Military tankers carry fuel toward areas in the Ladakh region in September.   © Reuters

"The problem is that we don’t know when this situation will be resolved. They have prepared for the long haul," said Srikanth Kondapalli, professor at Jawaharlal Nehru University in New Delhi.

"This means that both sides are not in a hurry to resolve this conflict," he said.

The talks have ranged from the flag officer level, conducted in canvas tents on the disputed border, to ministerial level meetings hosted in Moscow, a friend to both Beijing and New Delhi.

Senior Chinese and Indian military commanders held their eighth round of talks in early November, but the meeting produced no breakthrough. No further meeting has been scheduled.

The region reaches heights over 4,000 meters above sea level, and temperatures plunge as low as minus 40 degrees. India's military is setting up "smart camps," according to Indian media. The facilities reportedly are equipped with heaters and electricity so that the front-line soldiers can endure the cold.

Because the mountain snow reduces visibility, India is considering using drones for remote monitoring.

Ren Guoqiang, spokesperson for the Chinese Defense Ministry, signaled at a late November news conference that China is preparing to tough out the winter along with India.

"At present, the situation in the China-India border areas has remained stable on the whole," Ren said.

The Global Times, a mouthpiece for the Communist Party of China, printed a piece on Dec. 4 speculating that a few years of bilateral talks may be needed to resolve the border strife.

Sensing that the standoff likely will persist for the long term, Chinese leaders have moved to bring India's neighbors to Beijing's side.

Wei Fenghe, the Chinese state councilor and defense minister, visited Pakistan on Dec. 1. The People's Liberation Army is willing to "face risks and challenges together" with the Pakistani army "and safeguard regional peace and stability together," Wei told Pakistani President Arif Alvi and Prime Minister Imran Khan.

The timing of Wei's visit to Pakistan, which also shares tensions with India, had the obvious purpose of sending a message to New Delhi.

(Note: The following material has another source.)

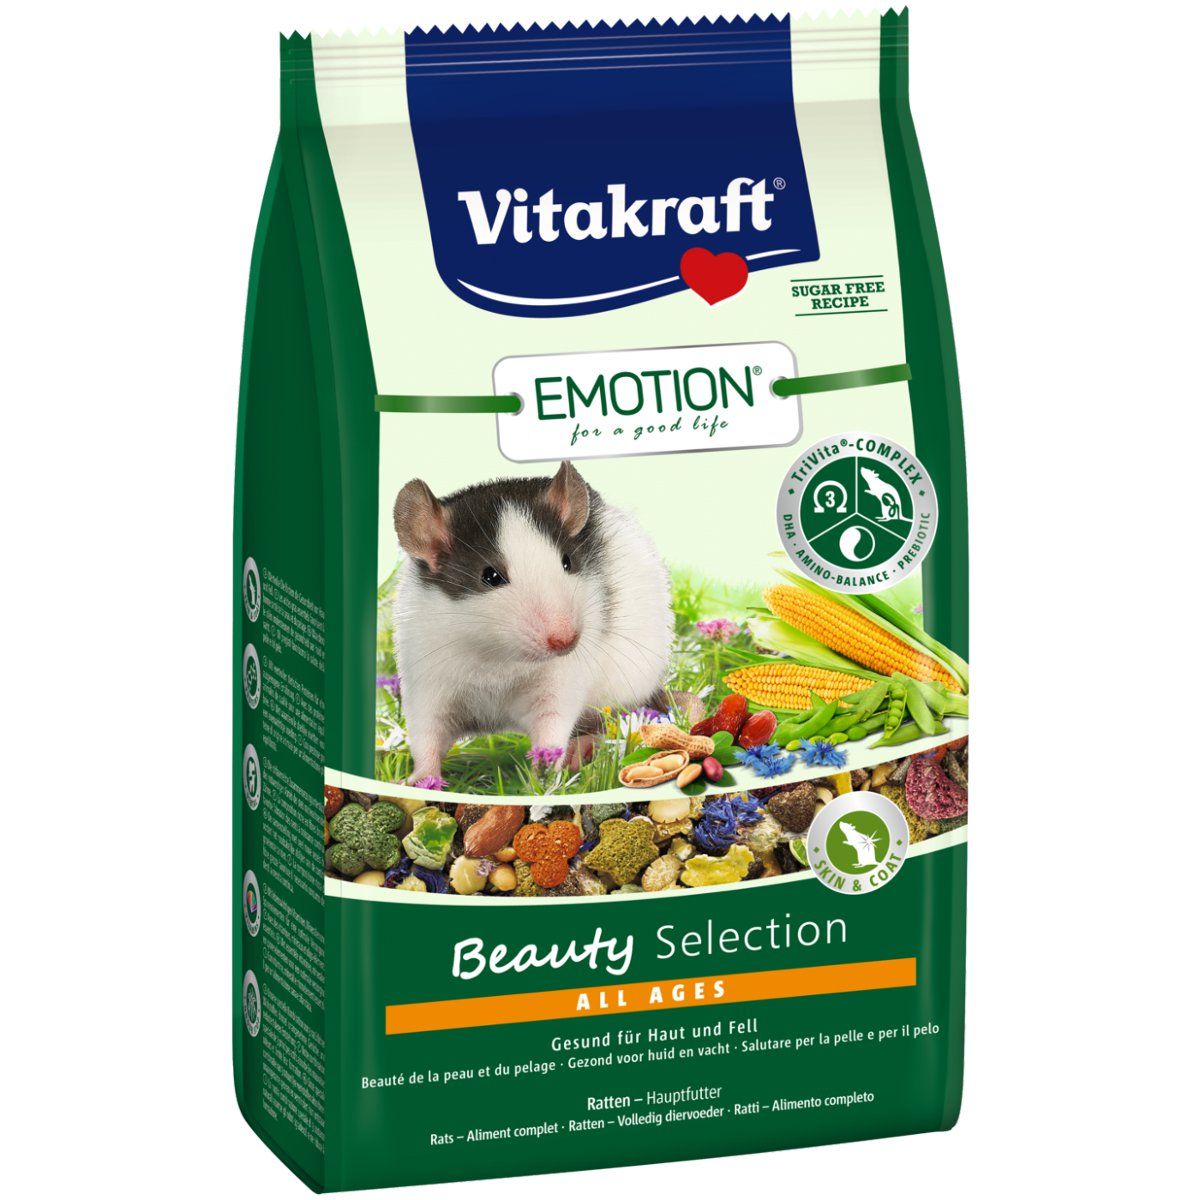 Vitakraft Emotion Beauty All Ages, Ratte

During the meeting, Khan said China and Pakistan should work closer to lift the "Iron Brothers" relationship to new heights, according to a report by Xinhua News Agency, China's state-run outlet. China picked Pakistan as a place to run clinical trials for coronavirus vaccine candidates.

Meanwhile, India is forming the Quad with the U.S., Japan and Australia, looking to collaborate on security in the Asia-Pacific region. In November, the four countries conducted joint naval exercises.

India has revised its longtime stance of granting equal diplomatic space to all countries, including China. New Delhi continues to exclude Chinese enterprises from the domestic market. The extended tensions between India and China are slowly reshaping the international order.